25/03/2015: North Dakota, USA: temperature shifts make grain storage tricky

Fast shifts in temperatures have led to some tricky stored grain management decisions in the USA's North Dakota region, according to experts, writes Mikkel Pates for the Grand Forks Herald.

Ken Hellevang, North Dakota State University Extension Service agricultural engineer and specialist in grain storage, says the recent temperatures in the 70s brought in a lot of calls from farmers, wondering whether they should turn the fans on to dry grain in bins.
  
http://www.grandforksherald.com/news/agriculture/3705682-temperature-shifts-make-grain-storage-tricky
“The answer was yes, because we were running temperatures consistently above-normal,” Hellevang says. “I normally recommend we start air drying when we have average temperatures, about 40 degrees,” meaning daytime temperatures consistently in the 50s, even though evening temperatures might dip into the 20s.

Some grain on the top of bins and particularly along south walls warmed up, but farmers can’t leave the grain warm. After the outside temperatures drop, farmers need to run aeration fans to cool the grain again to avoid spoilage.

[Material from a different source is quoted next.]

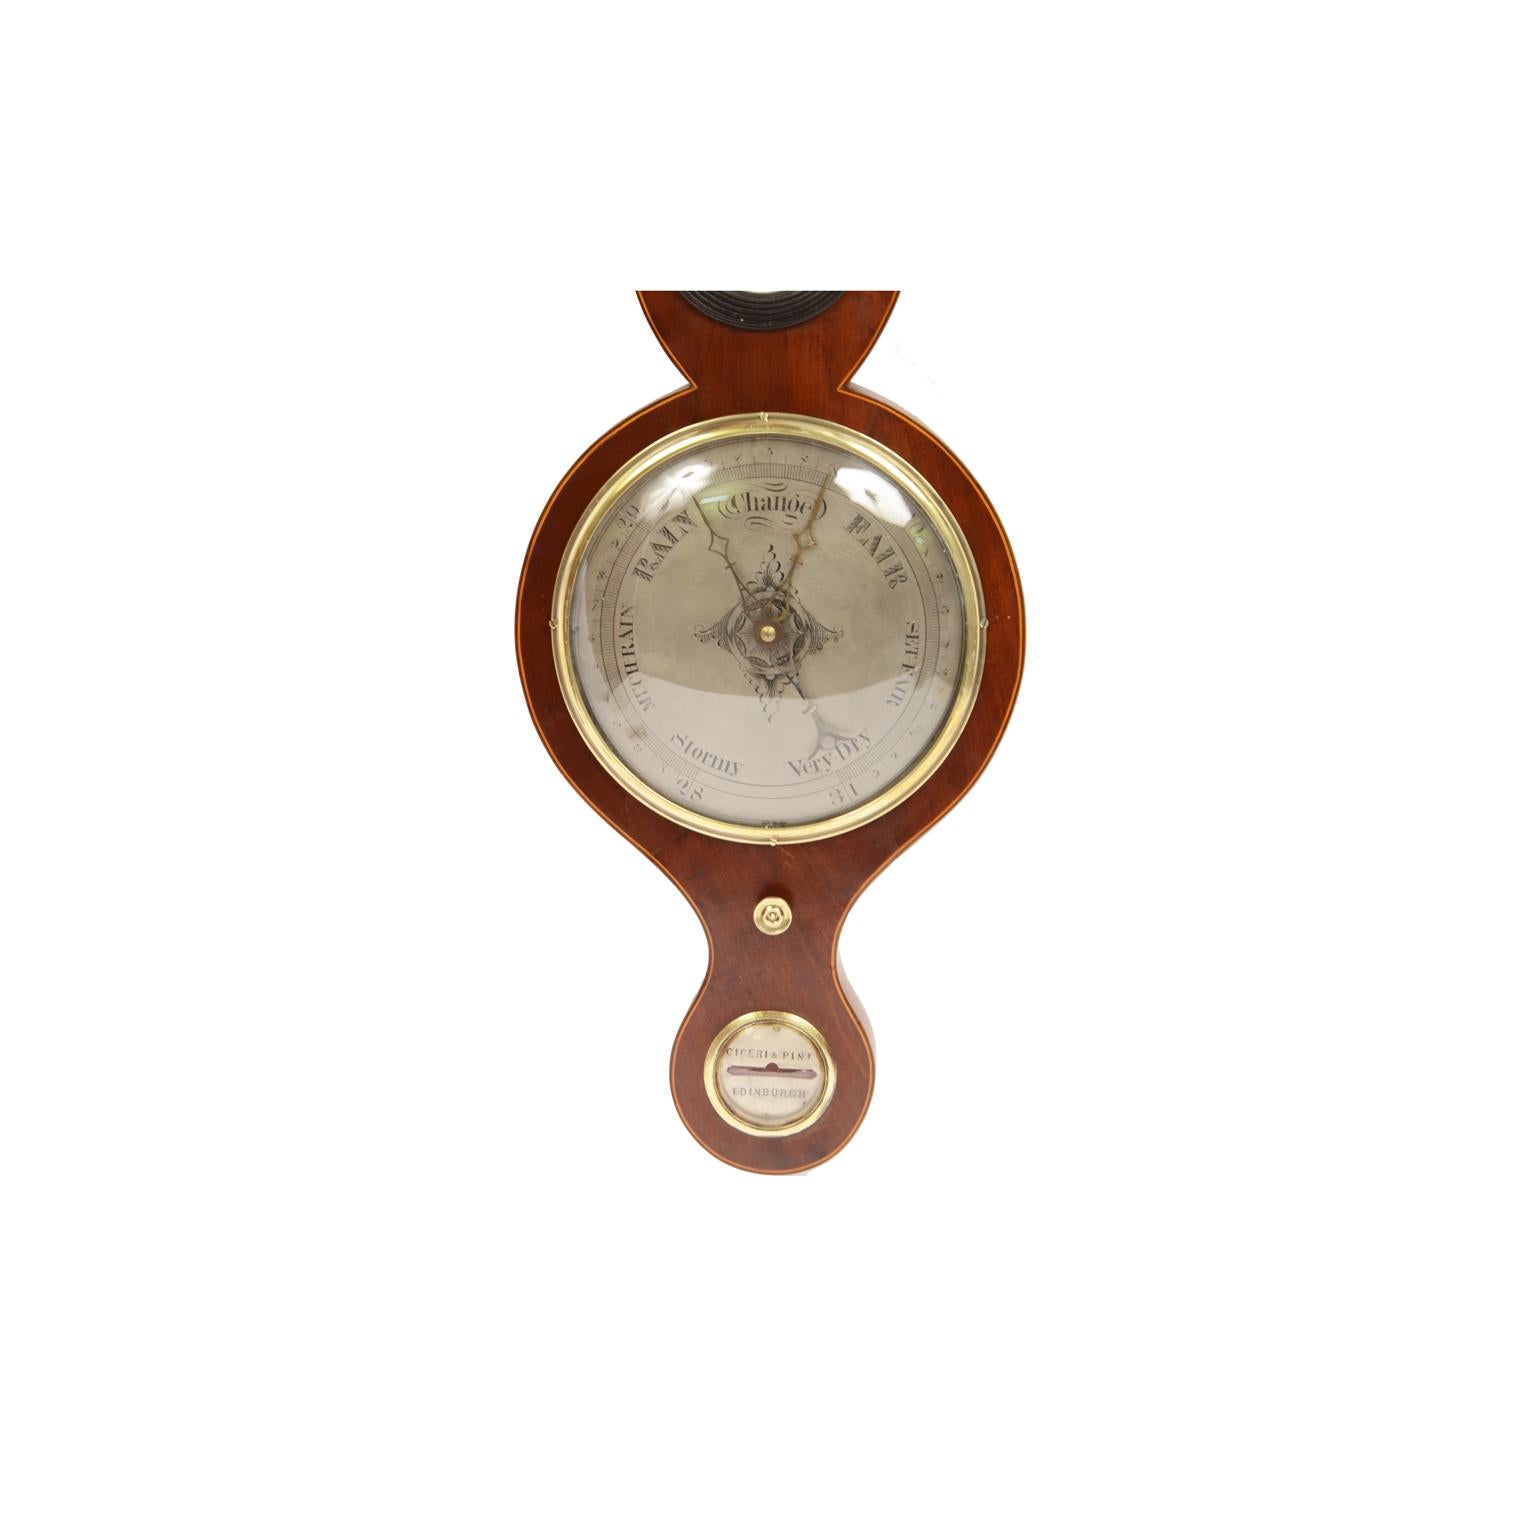 Barometer of mahogany wood with cedar wood edges, signed Ciceri and Pini active between 1842 and 1858. Silver-plated brass dial engraved with meteorological indications. The reading of the barometer is indicated by a double hand, the first one

“The goal should be to keep the grain between 30 and 40 degrees as we go into spring and early summer,” says Hellevang, who spoke March 19 at the Western Corn Belt Precision Ag Conference in Sioux Falls, S.D., sponsored by South Dakota State University in Brookings.

Hellevang says he has gotten calls from farmers who put corn into grain bins at 17 to 19 percent moisture.

“At that moisture content, it’s still too wet to safely store corn at the warmer temperatures,” he says. “Keeping the corn cool is very important.”

One of the only Extension Service grain storage specialists for several states around, Hellevang says the storage situation this year is similar across the region.

“Even as you went farther east in the Corn Belt, we were seeing some of the same conditions,” he says. “I got some calls out of Iowa, and farther east, seeing similar numbers.”